SUPPLIED MATERIAL Block Start

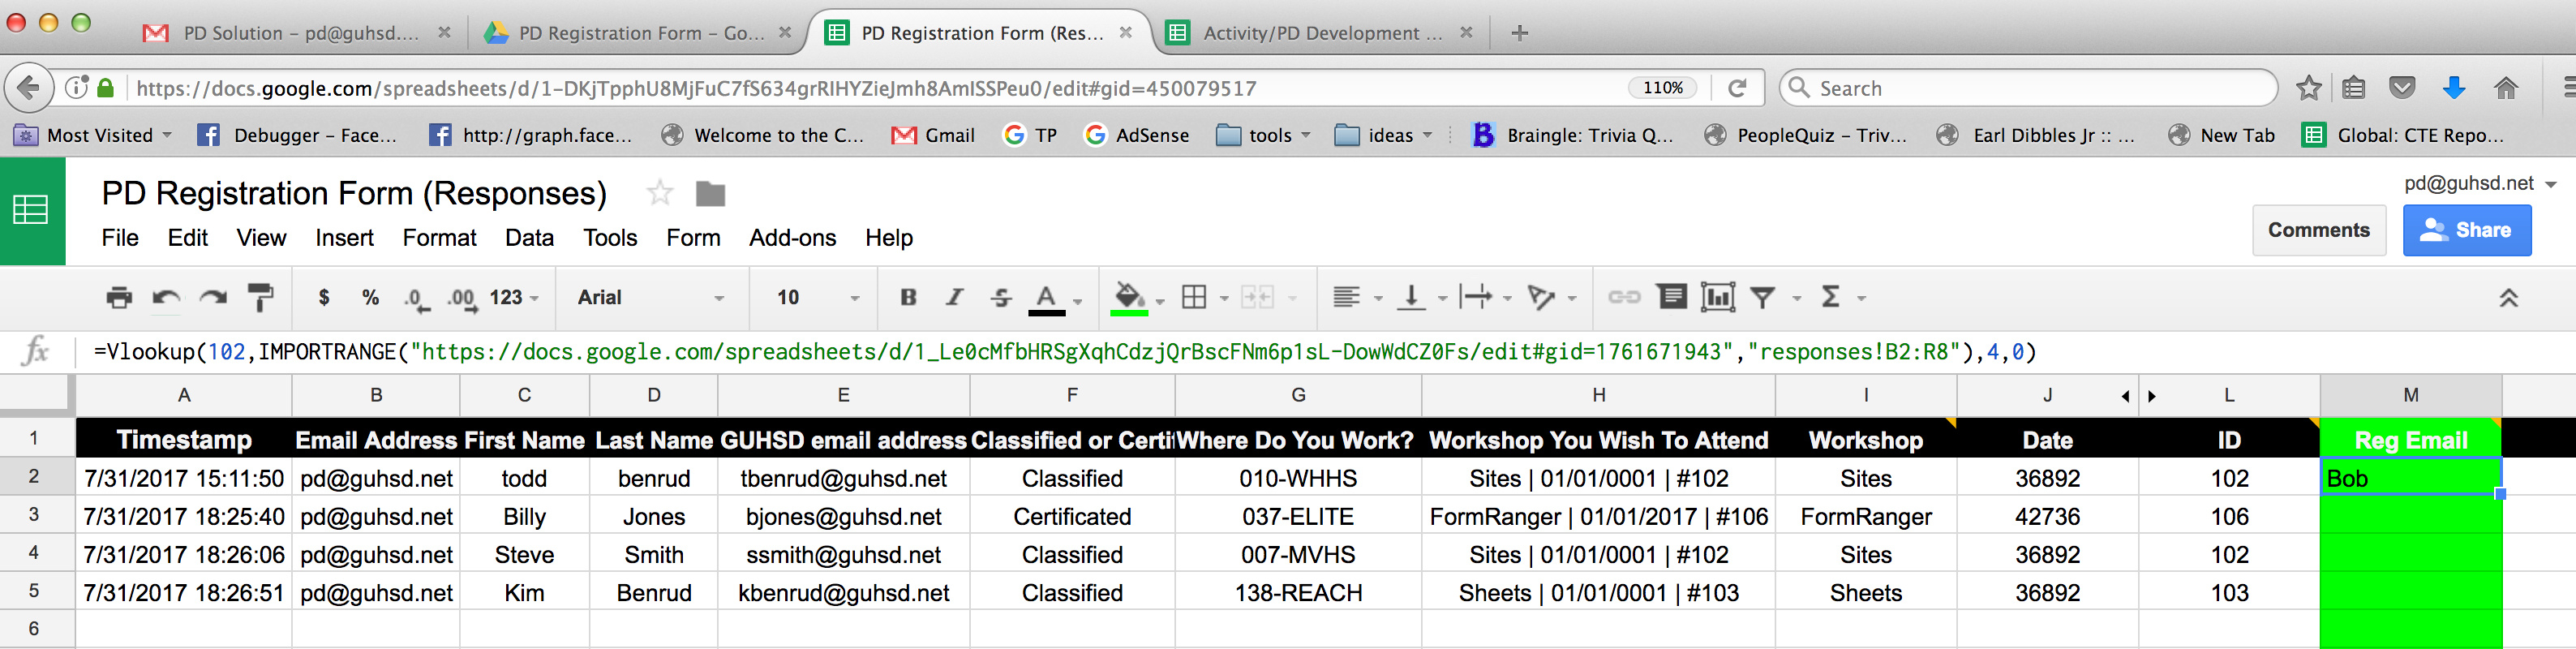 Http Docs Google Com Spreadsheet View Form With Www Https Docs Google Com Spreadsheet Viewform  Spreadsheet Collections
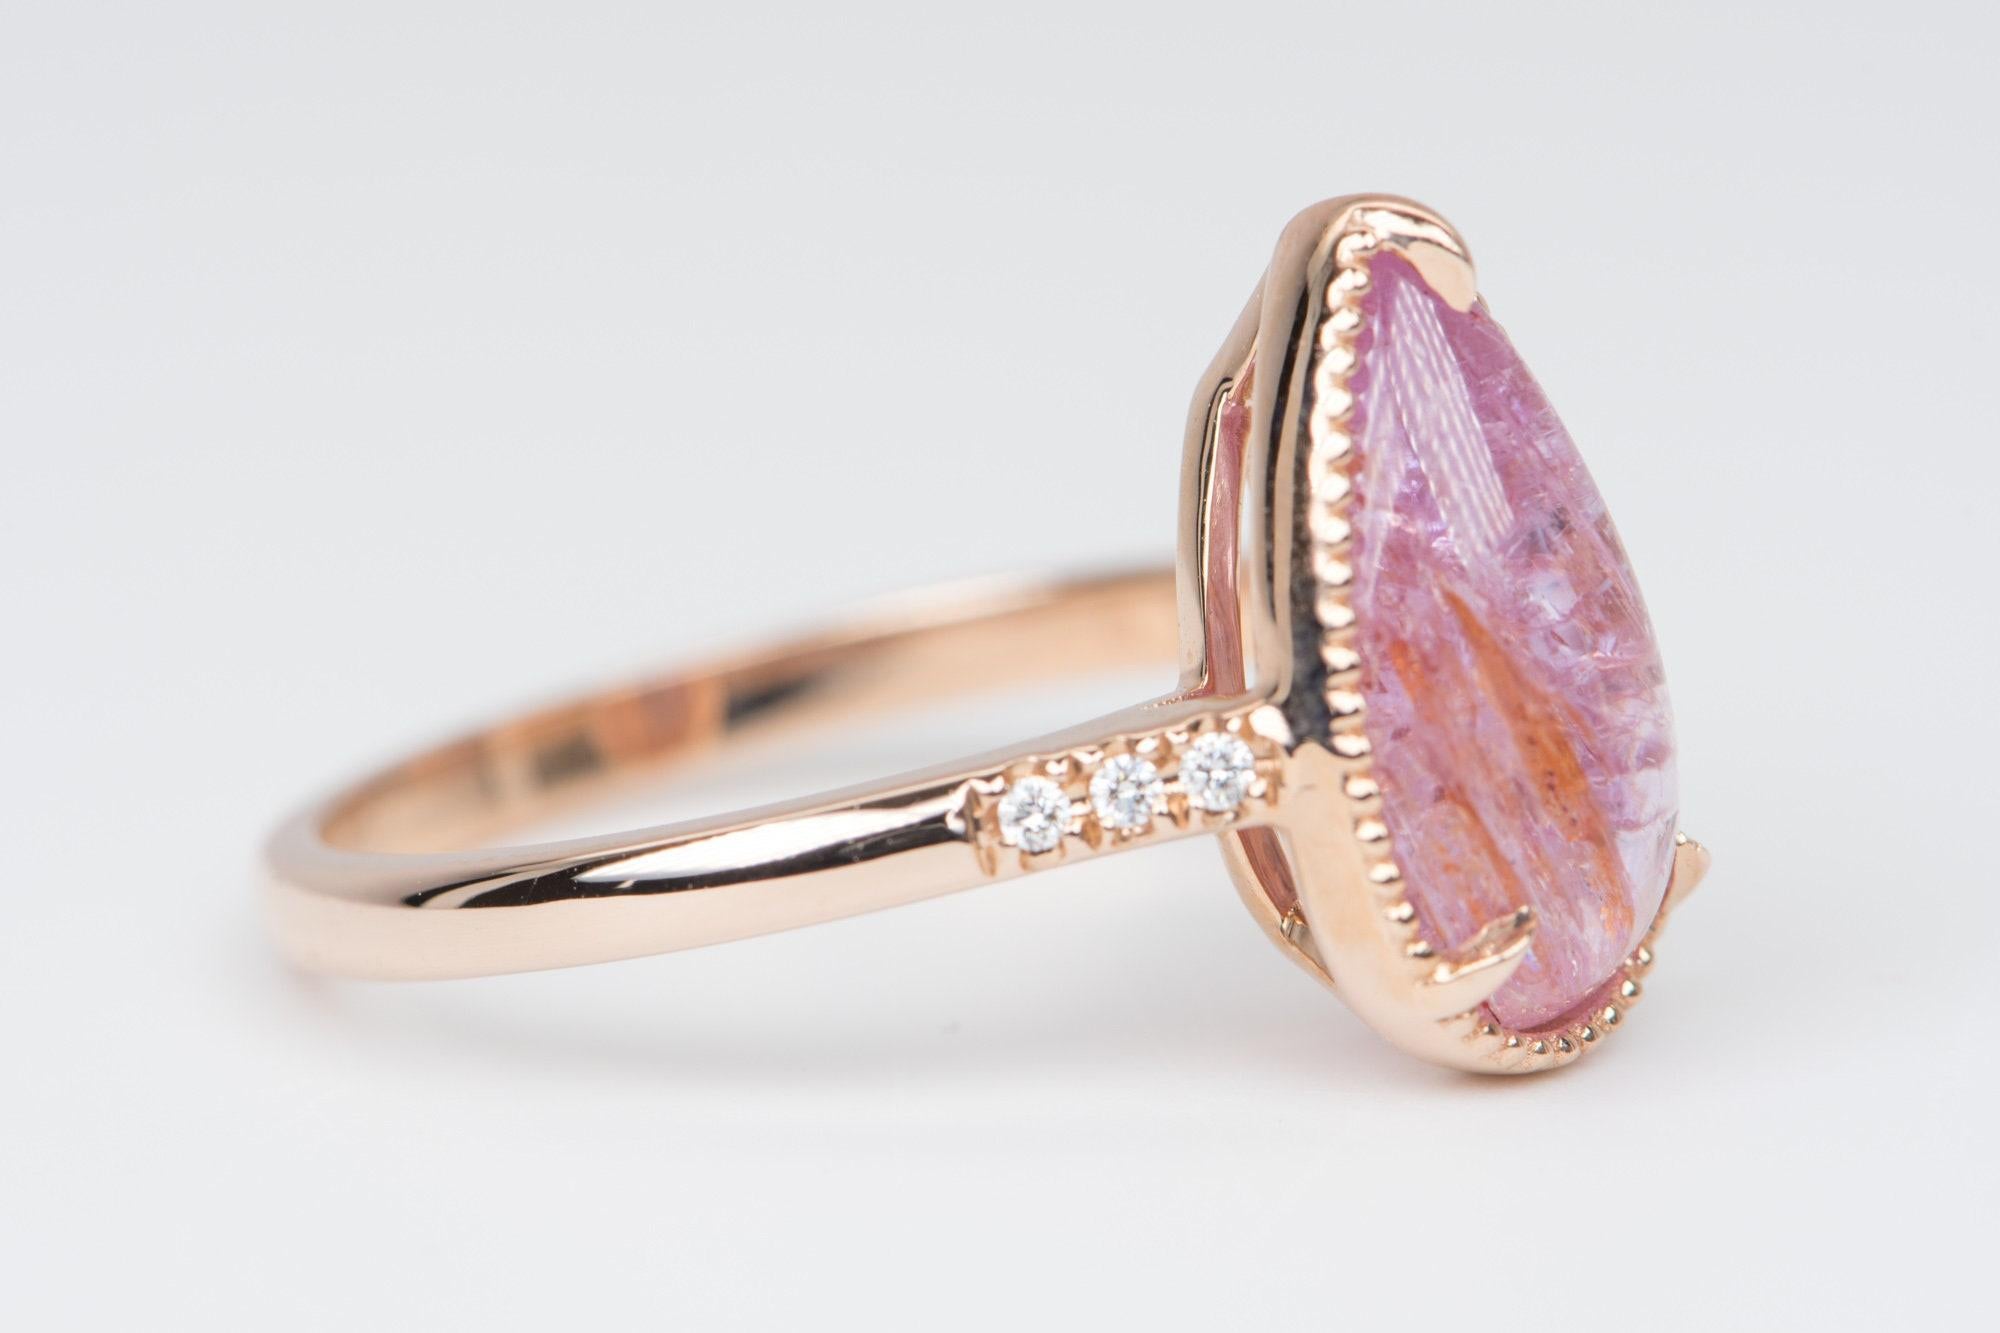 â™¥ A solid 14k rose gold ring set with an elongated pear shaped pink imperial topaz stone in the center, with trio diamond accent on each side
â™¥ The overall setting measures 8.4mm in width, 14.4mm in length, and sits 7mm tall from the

SUPPLIED MATERIAL Block End

### [REQUIREMENT]
What is needed is a word-for-word copy of the data, minus its pictures.

### [EXERCISE RESPONSE]
 Http Docs Google Com Spreadsheet View Form With Www Https Docs Google Com Spreadsheet Viewform  Spreadsheet Collections
 â™¥ A solid 14k rose gold ring set with an elongated pear shaped pink imperial topaz stone in the center, with trio diamond accent on each side
â™¥ The overall setting measures 8.4mm in width, 14.4mm in length, and sits 7mm tall from the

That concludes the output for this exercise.